Choose Renew CA Certificate under All Tasks for your AD CS CA.
Start the process of renewing the CA certificate
To continue with this operation, confirm the restart of the services. Next, you will be prompted to regenerate the signing key. In most cases, you will not generate a new key pair.
Generating a new signing key is only necessary in a few scenarios e.g. when it has been compromised
After renewing the certificates, you can check the new root certificate in the certificate store and verify that you now see SHA256 for the signature algorithm and hash algorithm.
Verify that the new root certificate hash is now SHA256
To finalize, Active Directory CS needs to be restarted.
Start CS and verify the settings
After importing the registry keys, we are in a position to start AD CS. Ping the service, and verify the provider and hash algorithm.

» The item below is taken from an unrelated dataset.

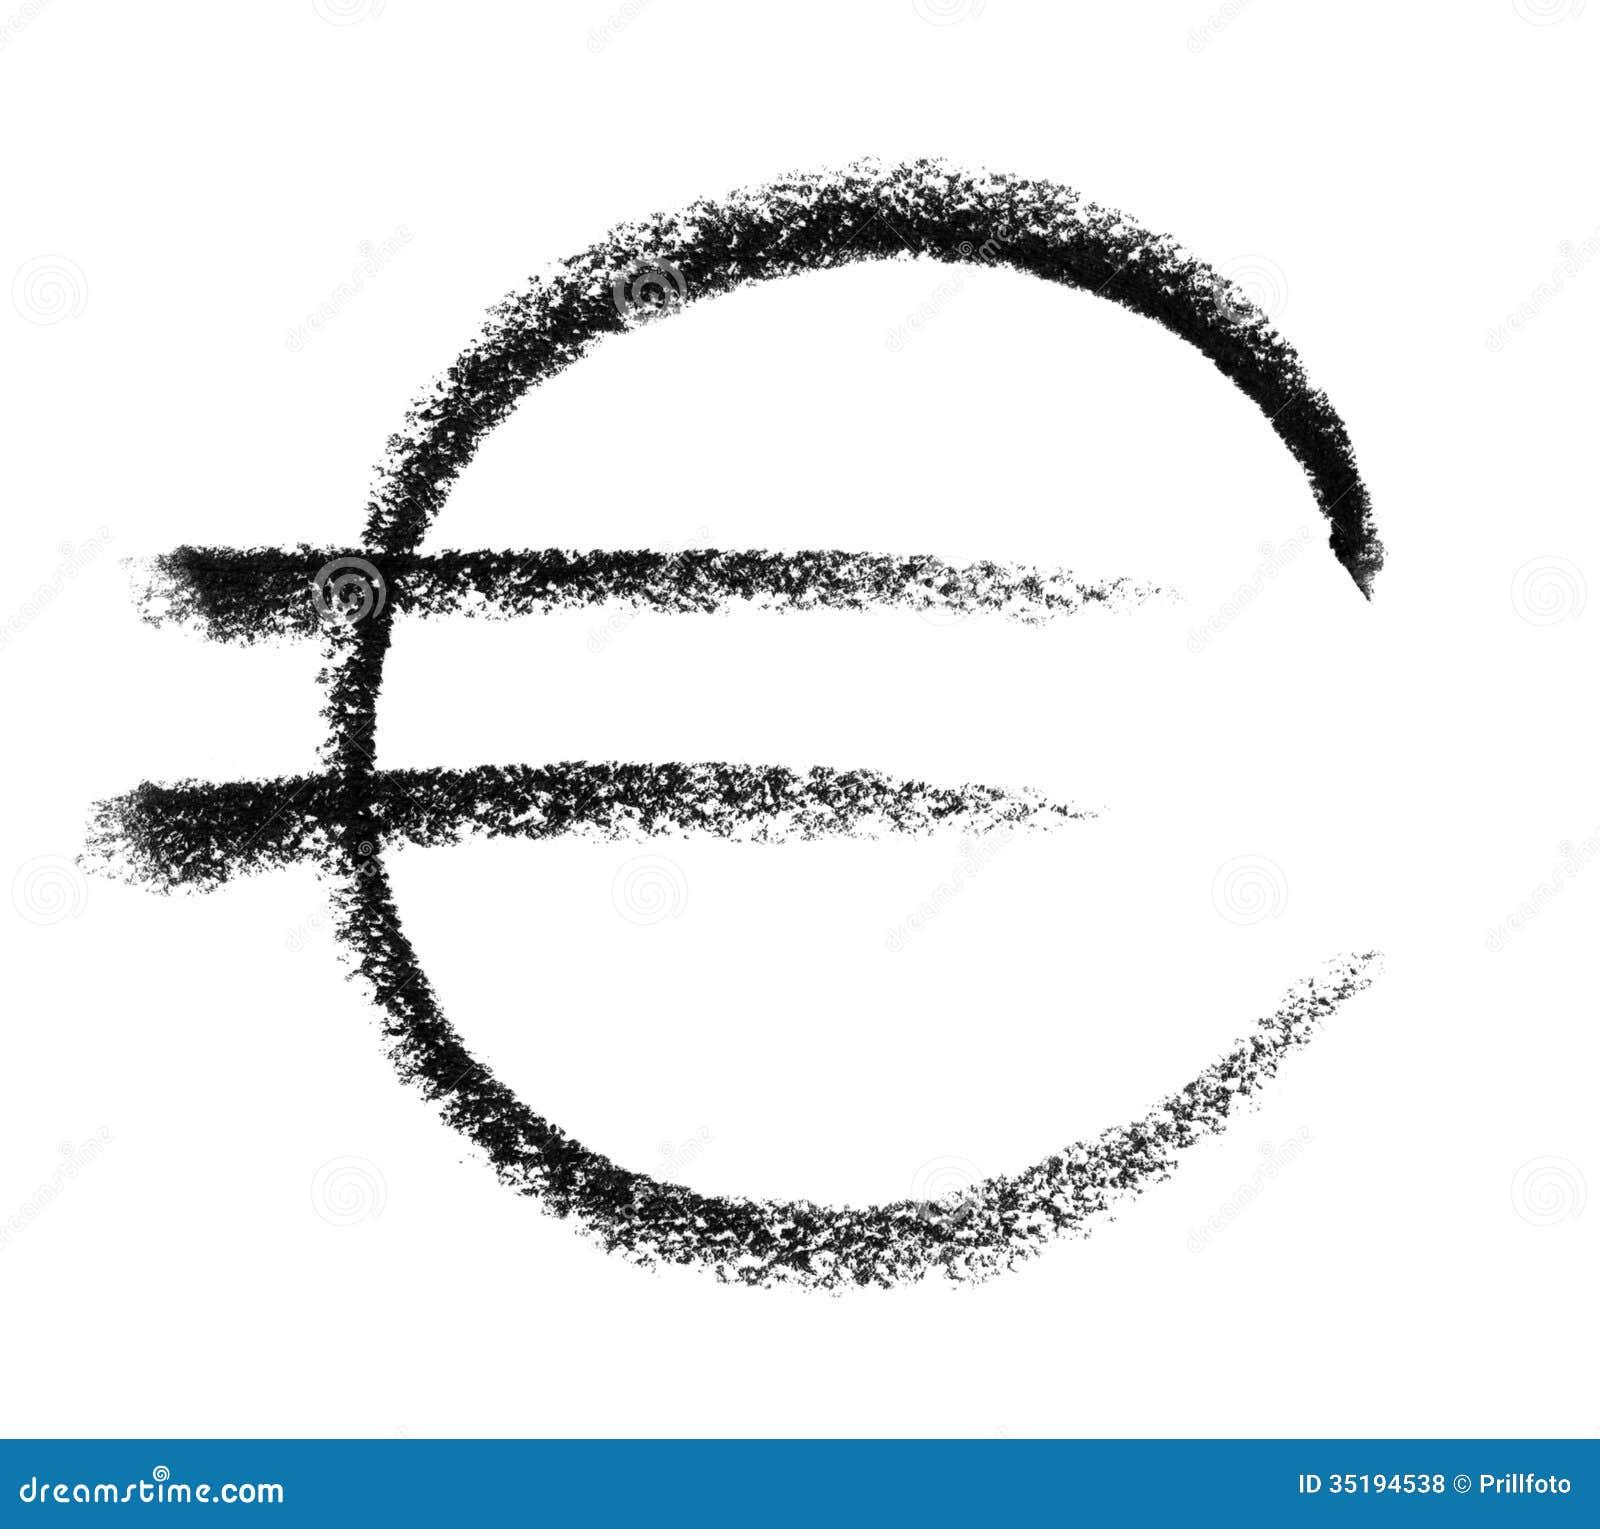 how to draw nsx symbol

Note the following commands:
Start-service certsvc Certutil -ping Certutil -getreg ca\csp\Provider Certutil -getreg ca\csp\CNGHashAlgorithm
As shown below, we now see both the provider and the hash algorithm reflecting the Microsoft Software KSP and SHA256.
Subscribe to 4sysops newsletter!
Verify all settings after the migration of the CA to SHA 1 and KSP
As shown, the process is tedious but straightforward to migrate from the legacy Microsoft Software CSP and SHA-1 to the newer Microsoft Software KSP and SHA256. However, this is a worthwhile endeavor, as it helps to strengthen the internal PKI infrastructure and cybersecurity posture of internal certificate services hosted by AD CS.